Data to process:
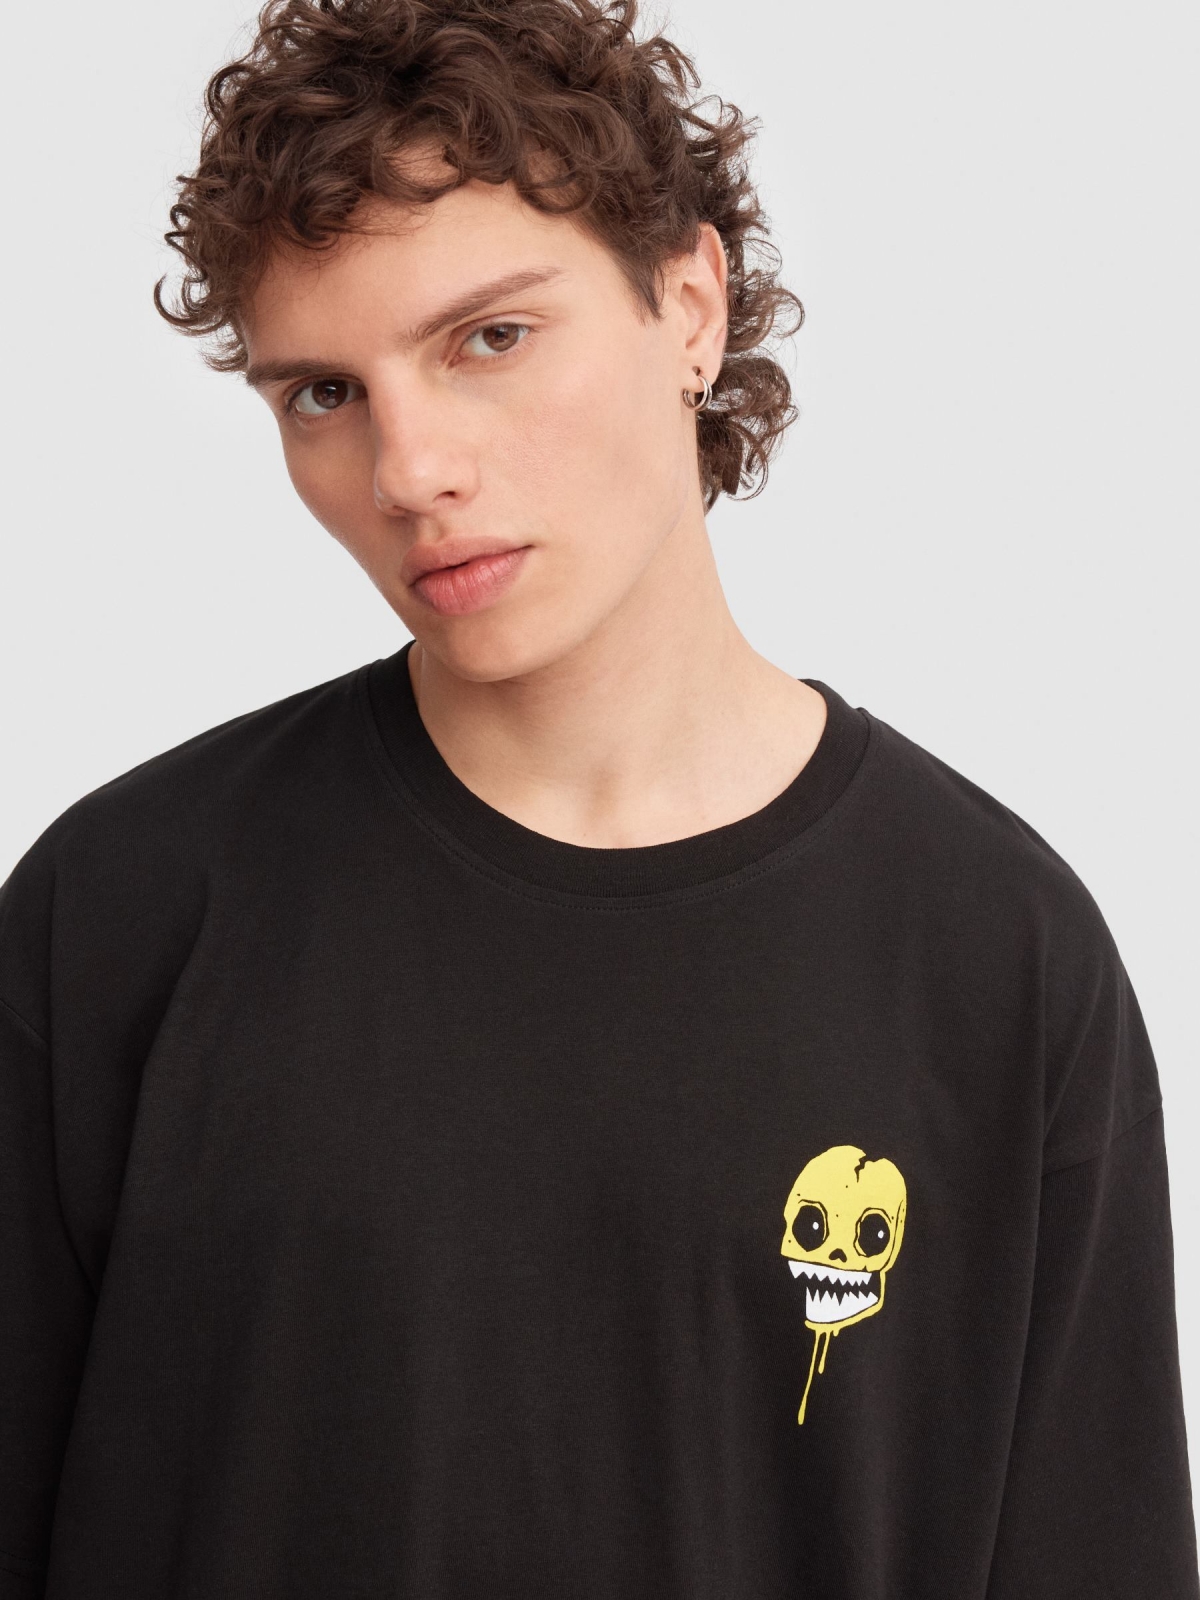 Camiseta oversize calavera graffiti negro vista detalle
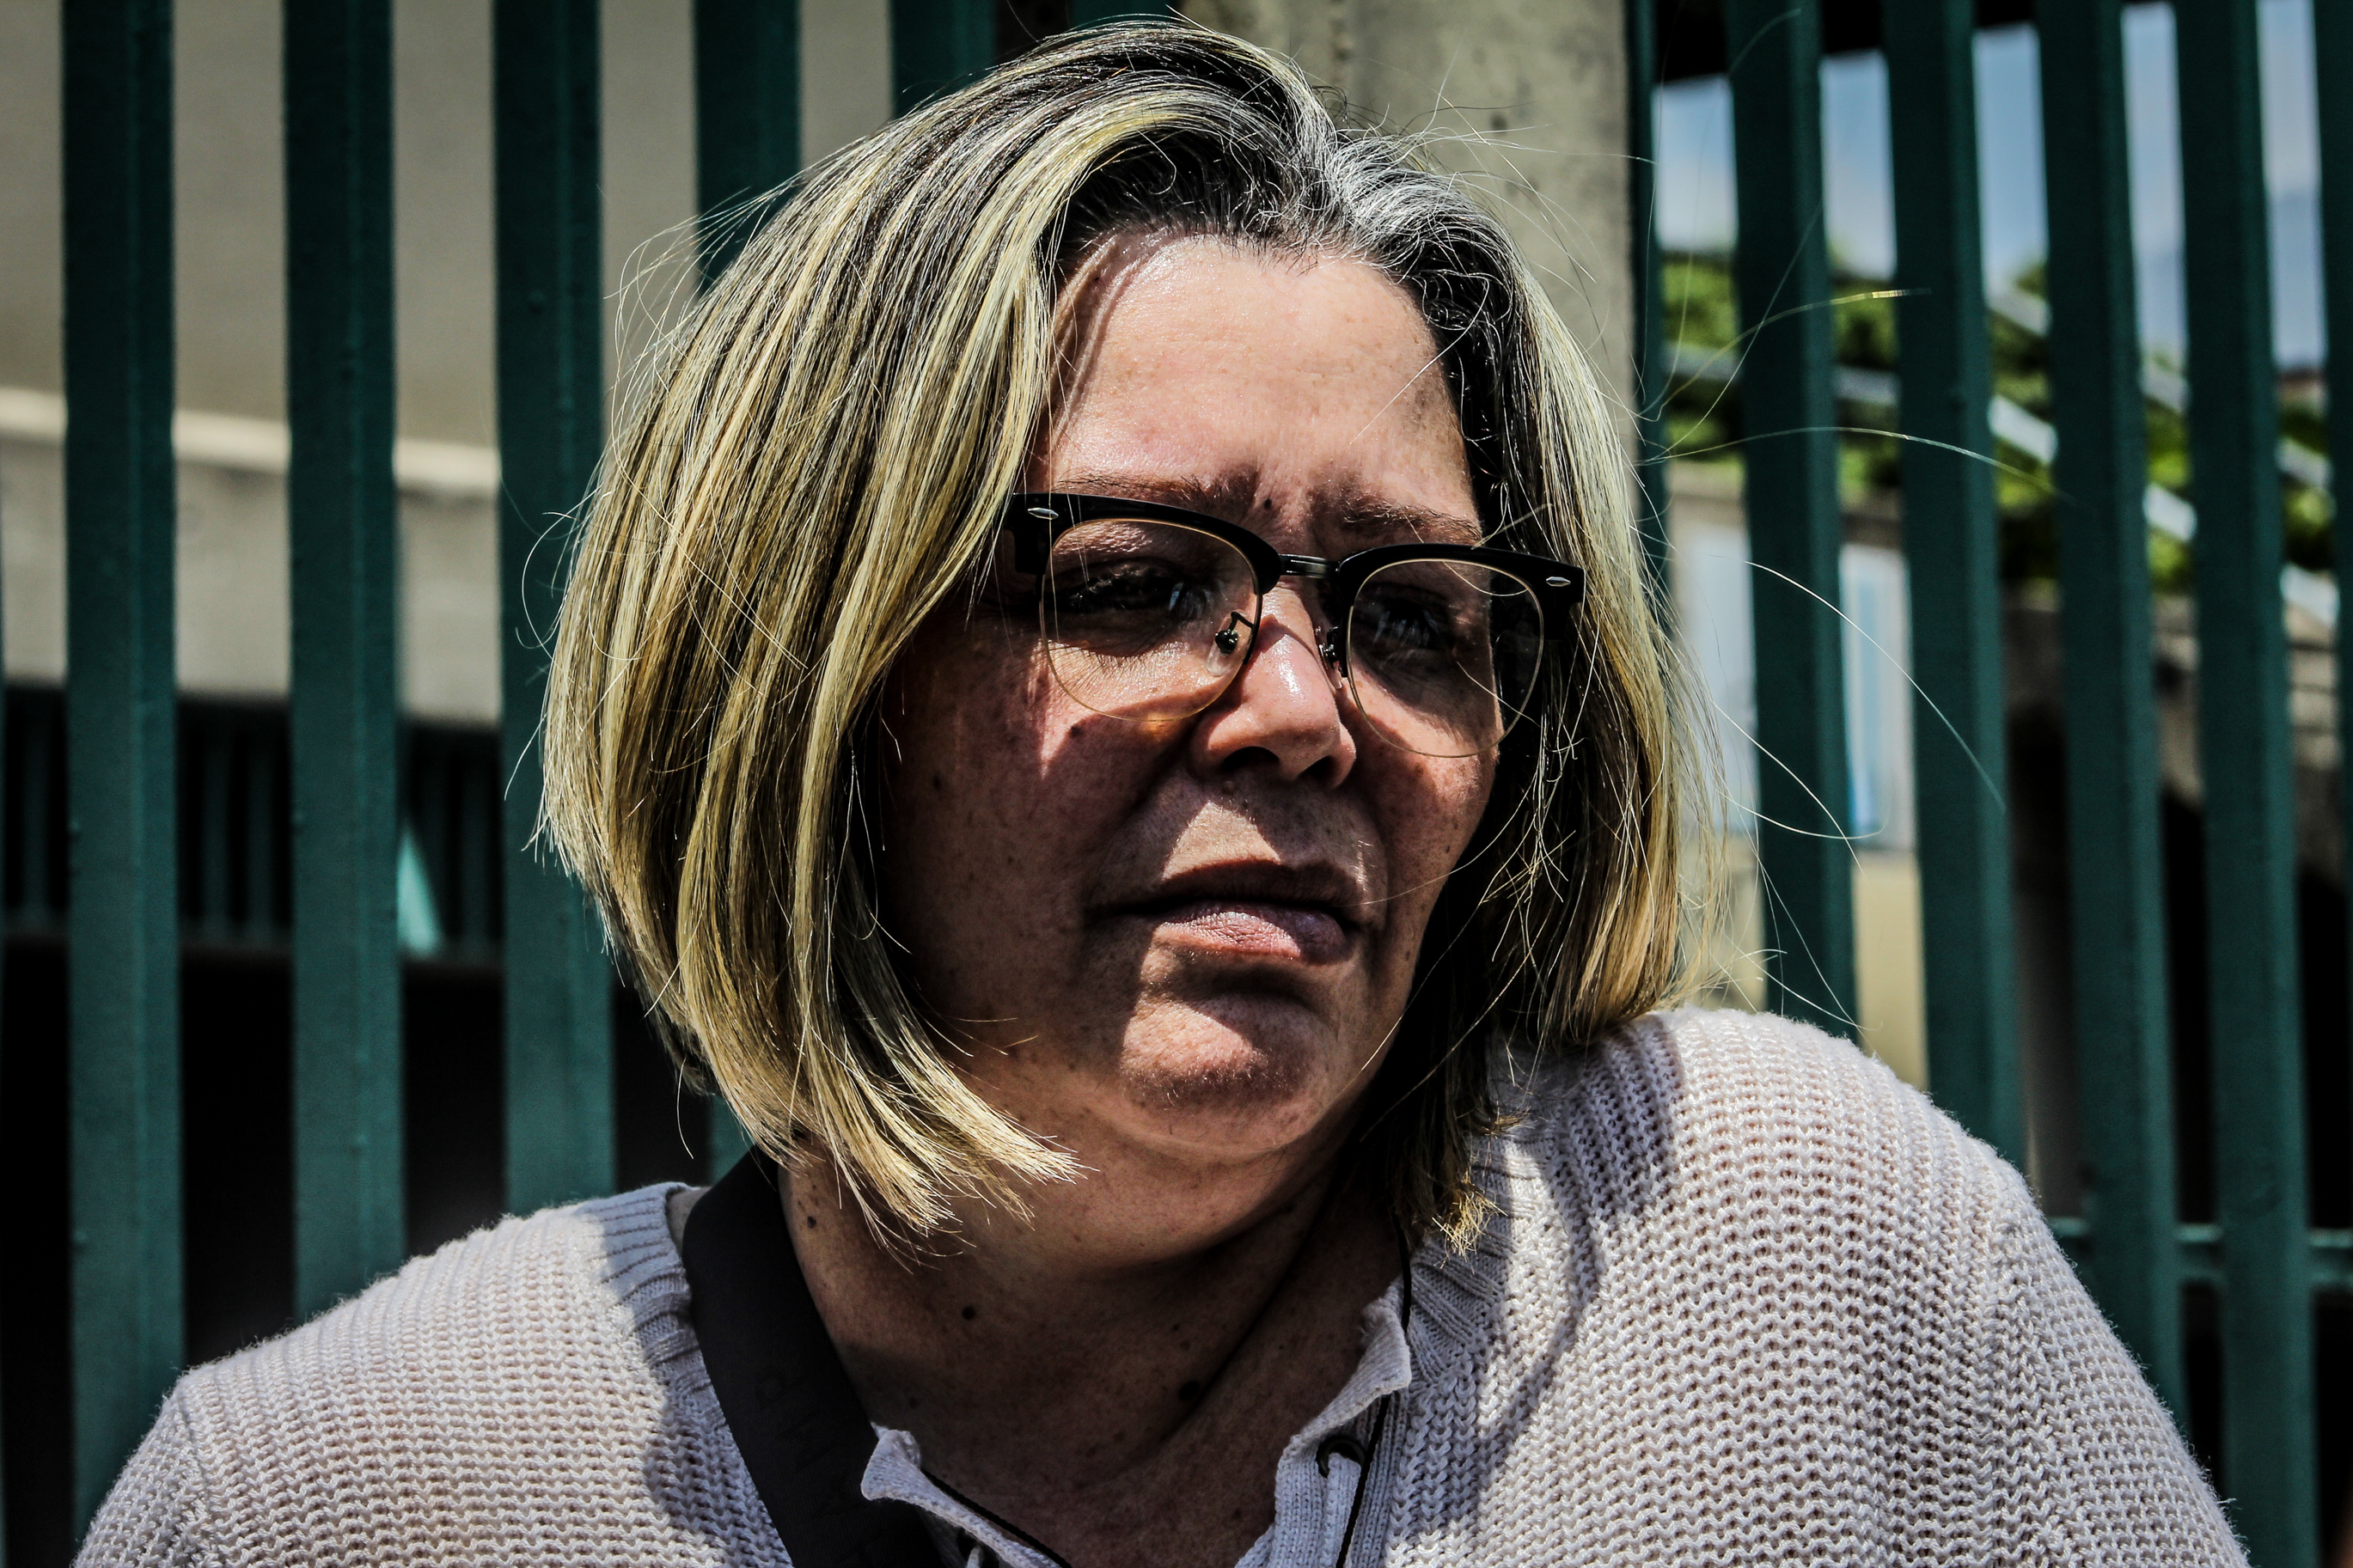 La juez Afiuni, presa de Chávez, condenada por corrupción espiritual
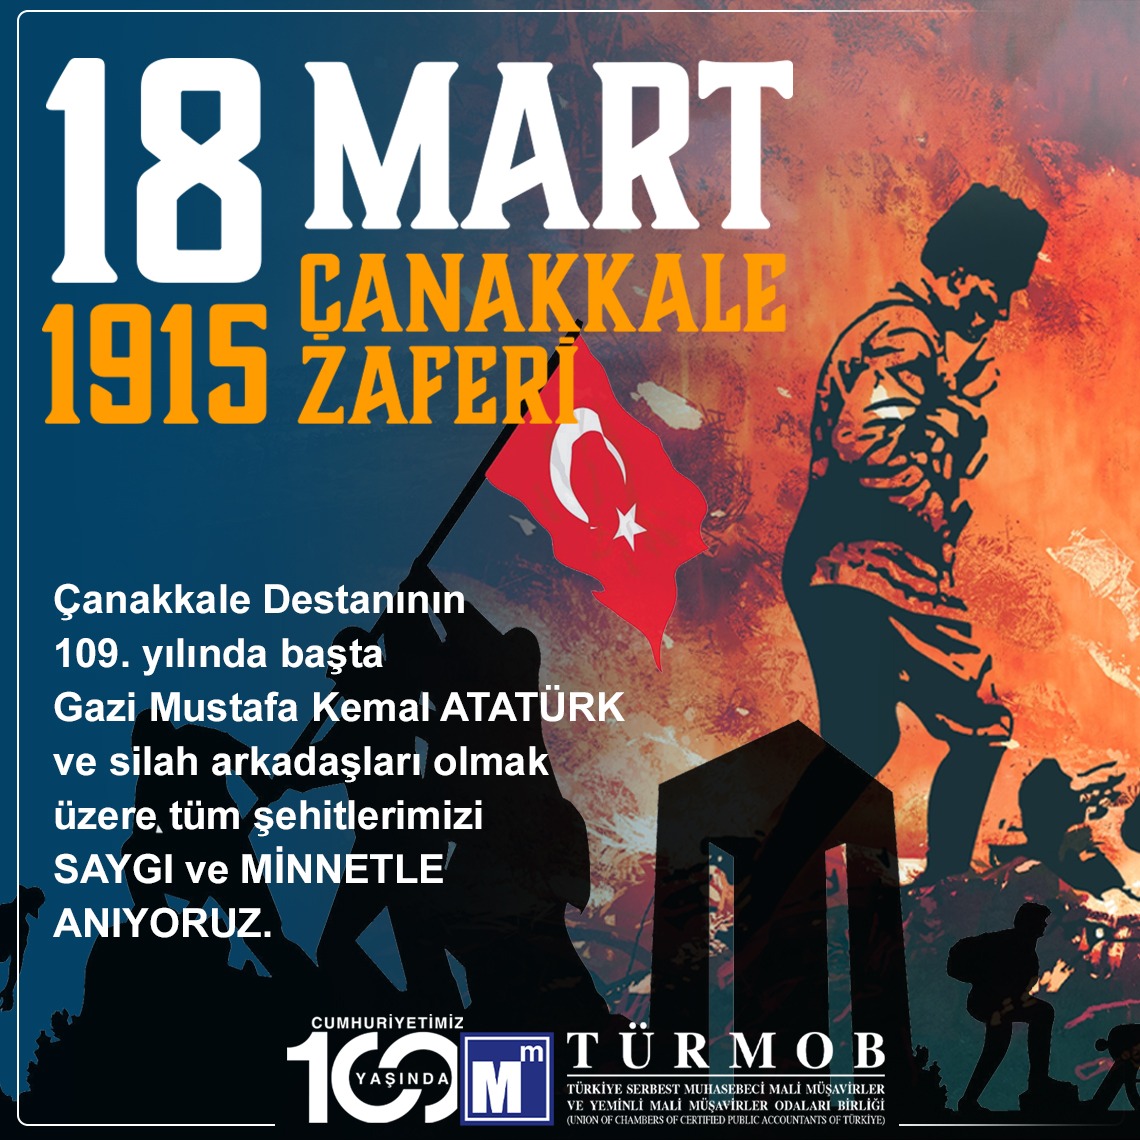 Çanakkale Destanının 109. yılında; başta Gazi Mustafa Kemal ATATÜRK olmak üzere tüm şehitlerimizi saygı ve minnetle anıyoruz… ow.ly/blSo50QV64e

#türmob
#18MartÇanakkaleZaferi
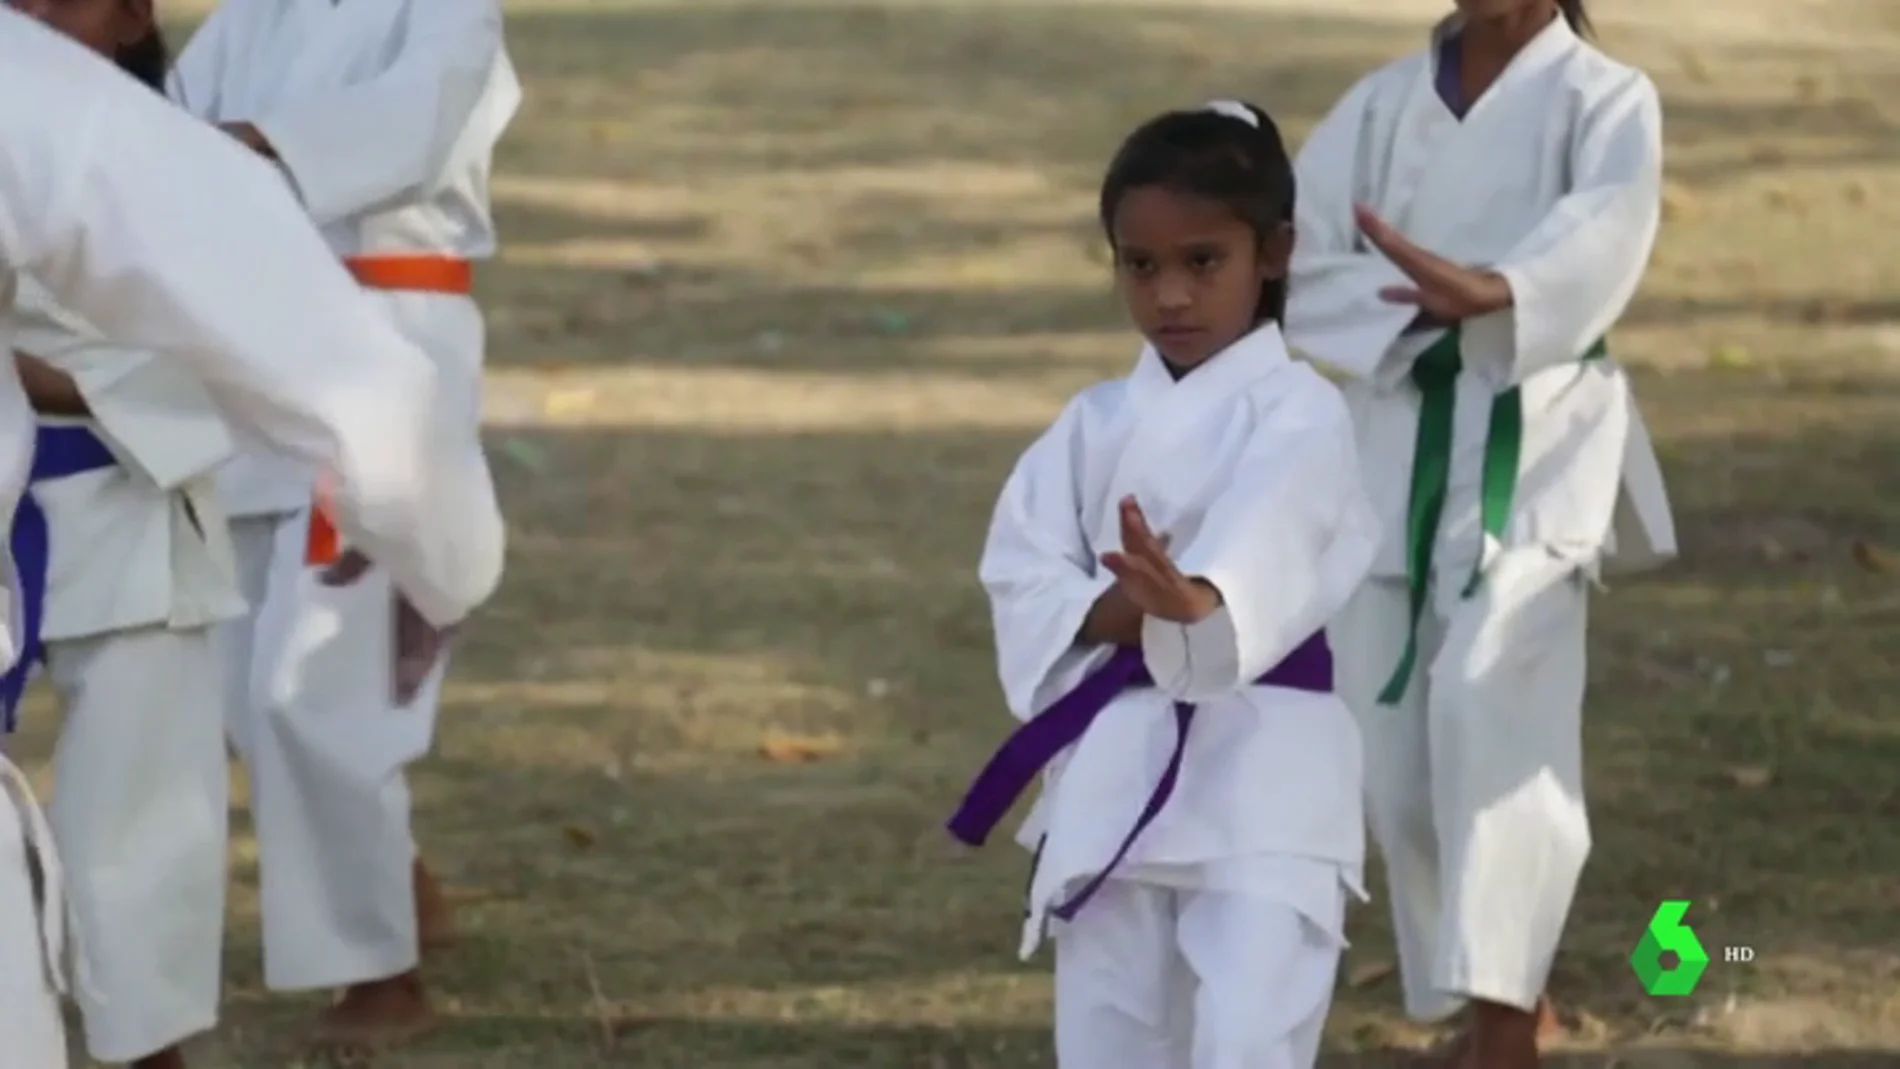 Niñas reciben clases de kárate en la India para defenderse del acoso

What you need to do:
Retype every record above exactly as written, but leave out the pictures.

Result:
 Camiseta oversize calavera graffiti negro vista detalle
 La juez Afiuni, presa de Chávez, condenada por corrupción espiritual
 Çanakkale Destanının 109. yılında; başta Gazi Mustafa Kemal ATATÜRK olmak üzere tüm şehitlerimizi saygı ve minnetle anıyoruz… ow.ly/blSo50QV64e

#türmob
#18MartÇanakkaleZaferi
 Niñas reciben clases de kárate en la India para defenderse del acoso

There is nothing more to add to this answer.